> [Data for this exercise]
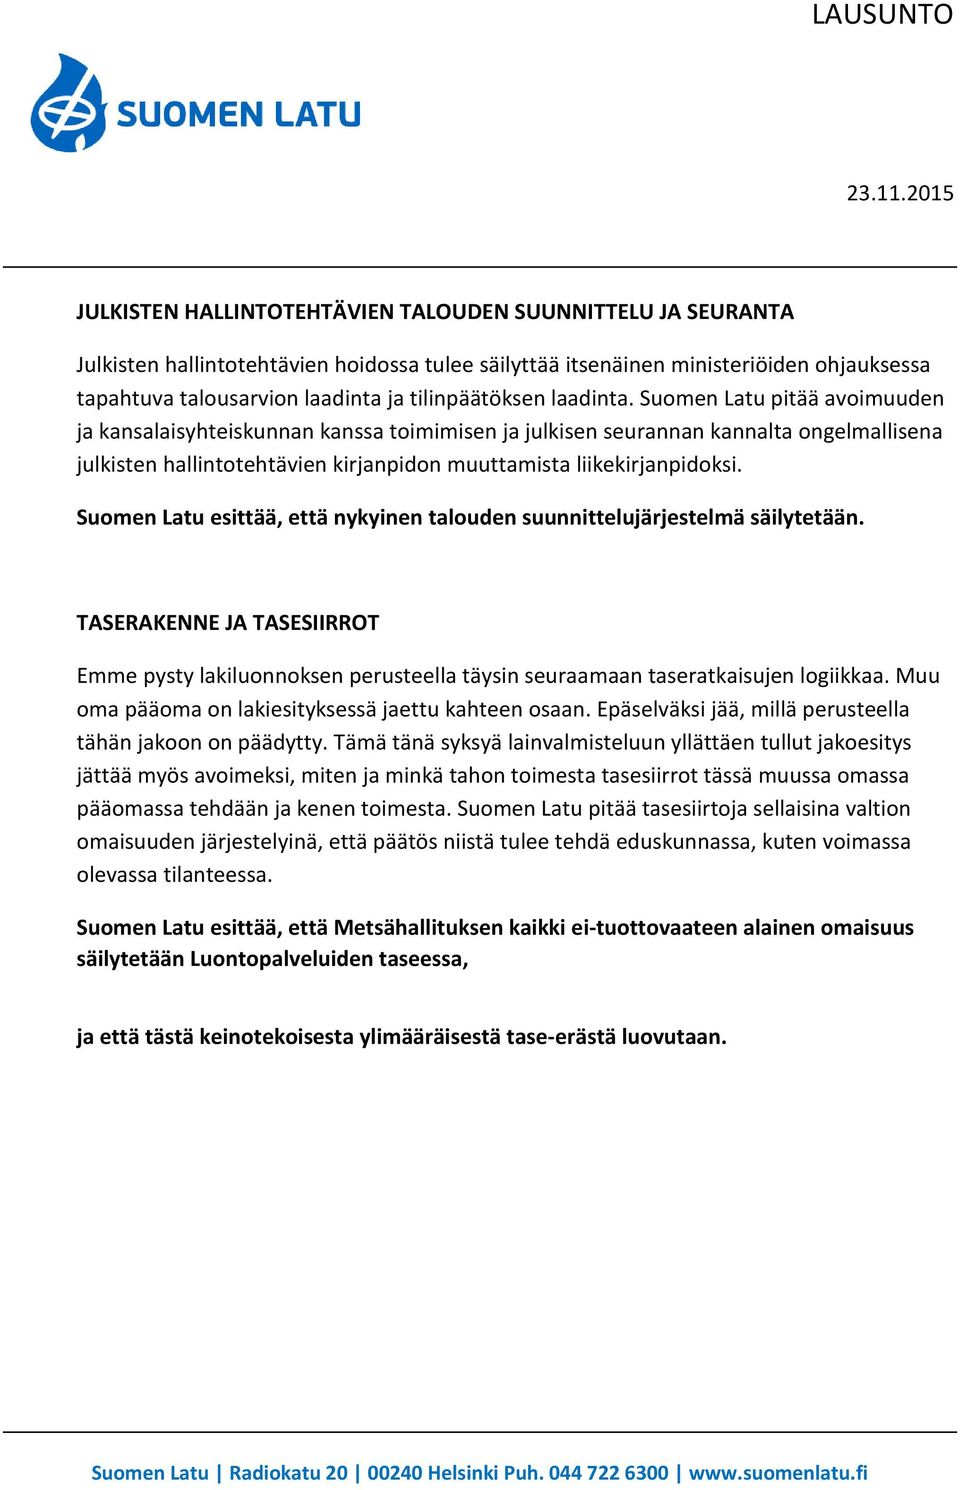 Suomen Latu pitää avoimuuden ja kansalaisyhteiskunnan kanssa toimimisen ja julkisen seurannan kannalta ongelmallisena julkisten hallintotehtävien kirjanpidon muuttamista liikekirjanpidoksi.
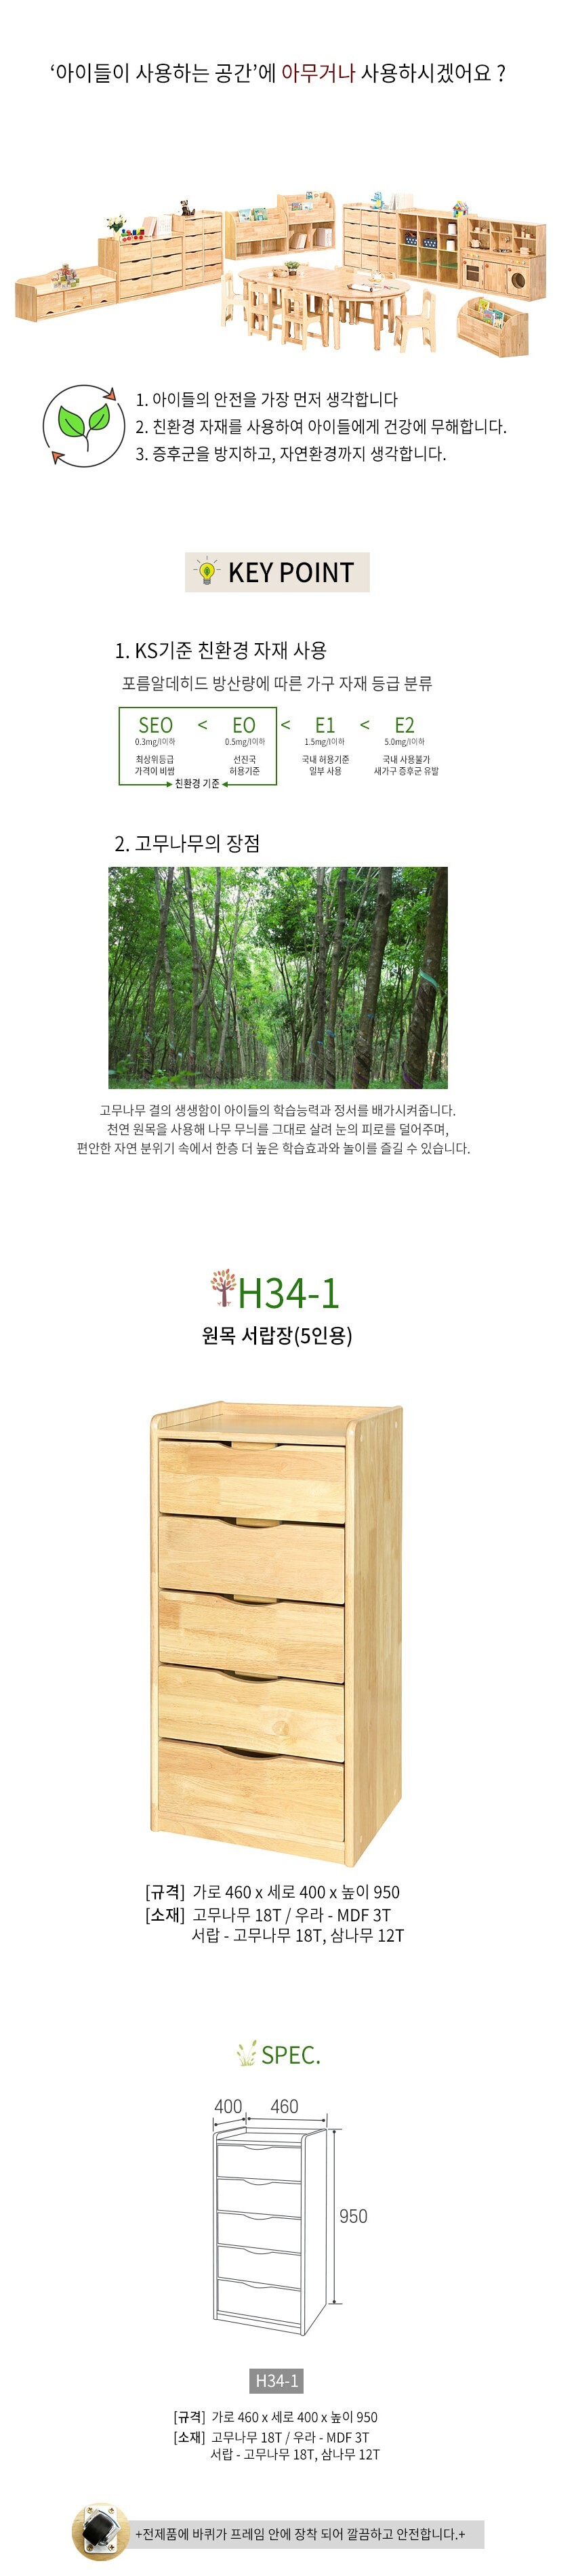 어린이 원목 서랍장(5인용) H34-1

---

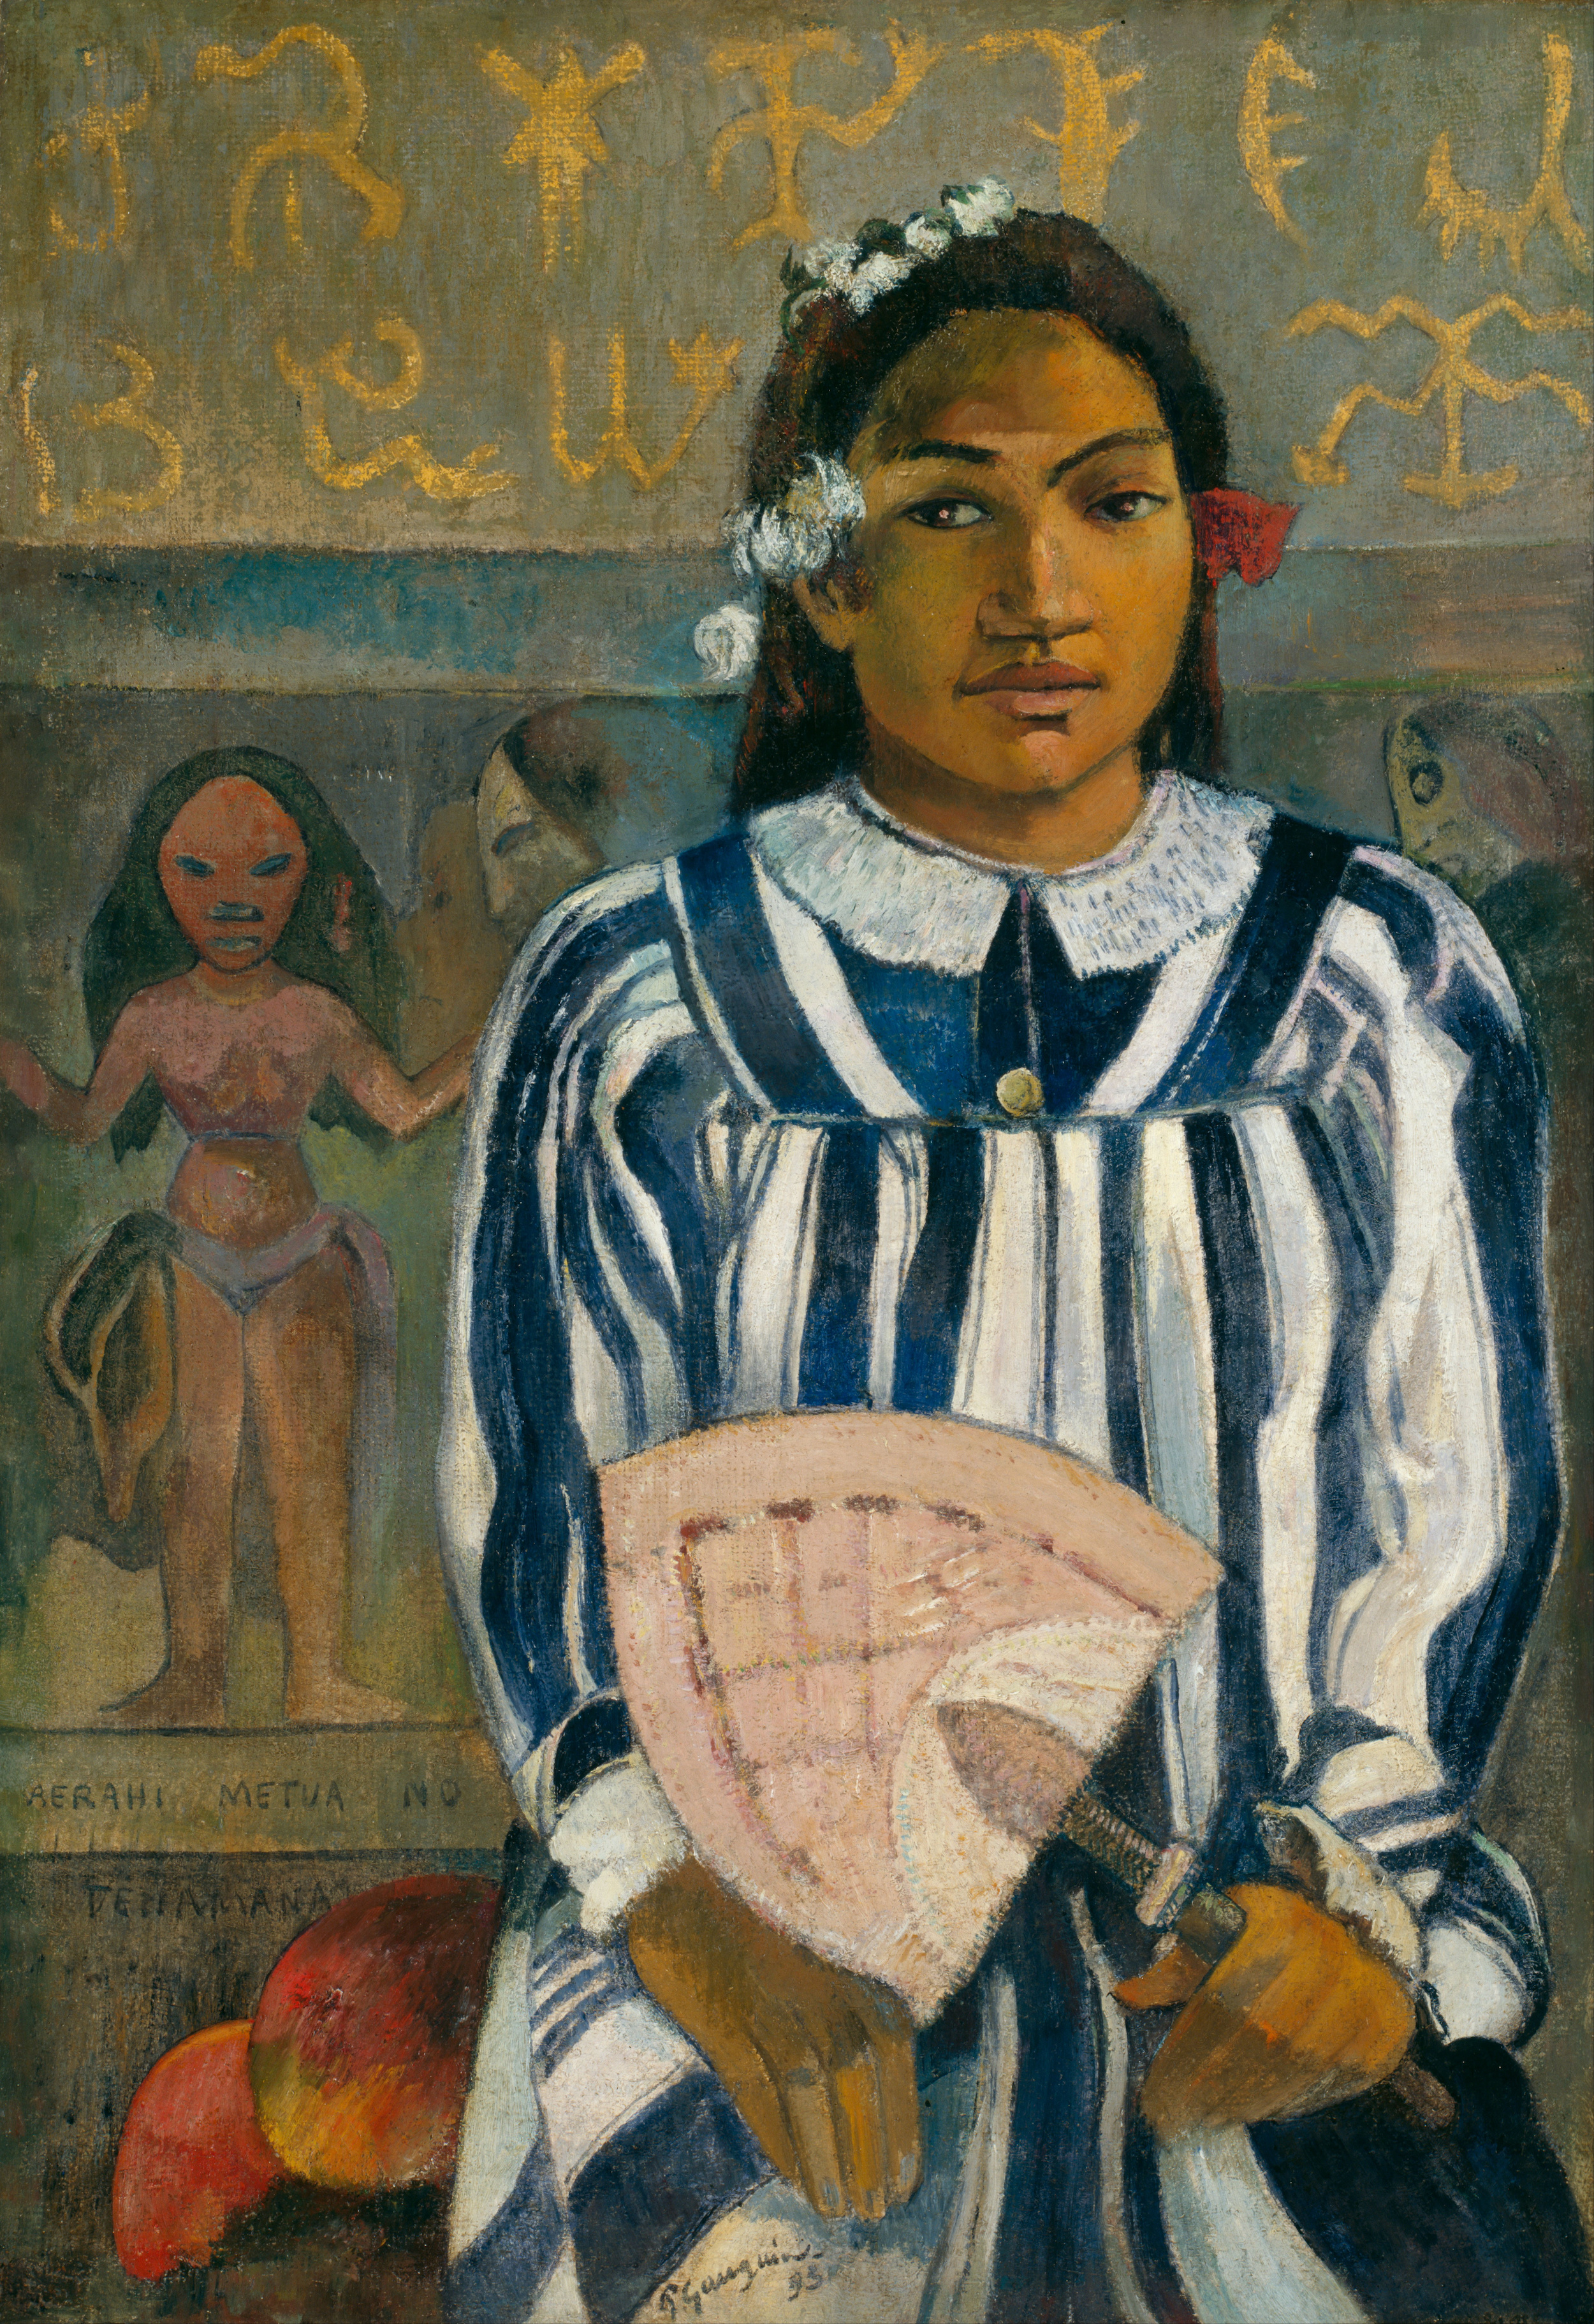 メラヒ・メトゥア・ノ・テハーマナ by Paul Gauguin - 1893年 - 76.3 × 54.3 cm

> [Prompt] Nothing but the lines from the one with "Suomen Latu pitää" up to and including the one with "어린이 원목 서랍장(5인용) H34-1" should be printed, exactly as they read above. Please keep the pictures out.

> [Exercise response]
 Suomen Latu pitää avoimuuden ja kansalaisyhteiskunnan kanssa toimimisen ja julkisen seurannan kannalta ongelmallisena julkisten hallintotehtävien kirjanpidon muuttamista liikekirjanpidoksi.
 어린이 원목 서랍장(5인용) H34-1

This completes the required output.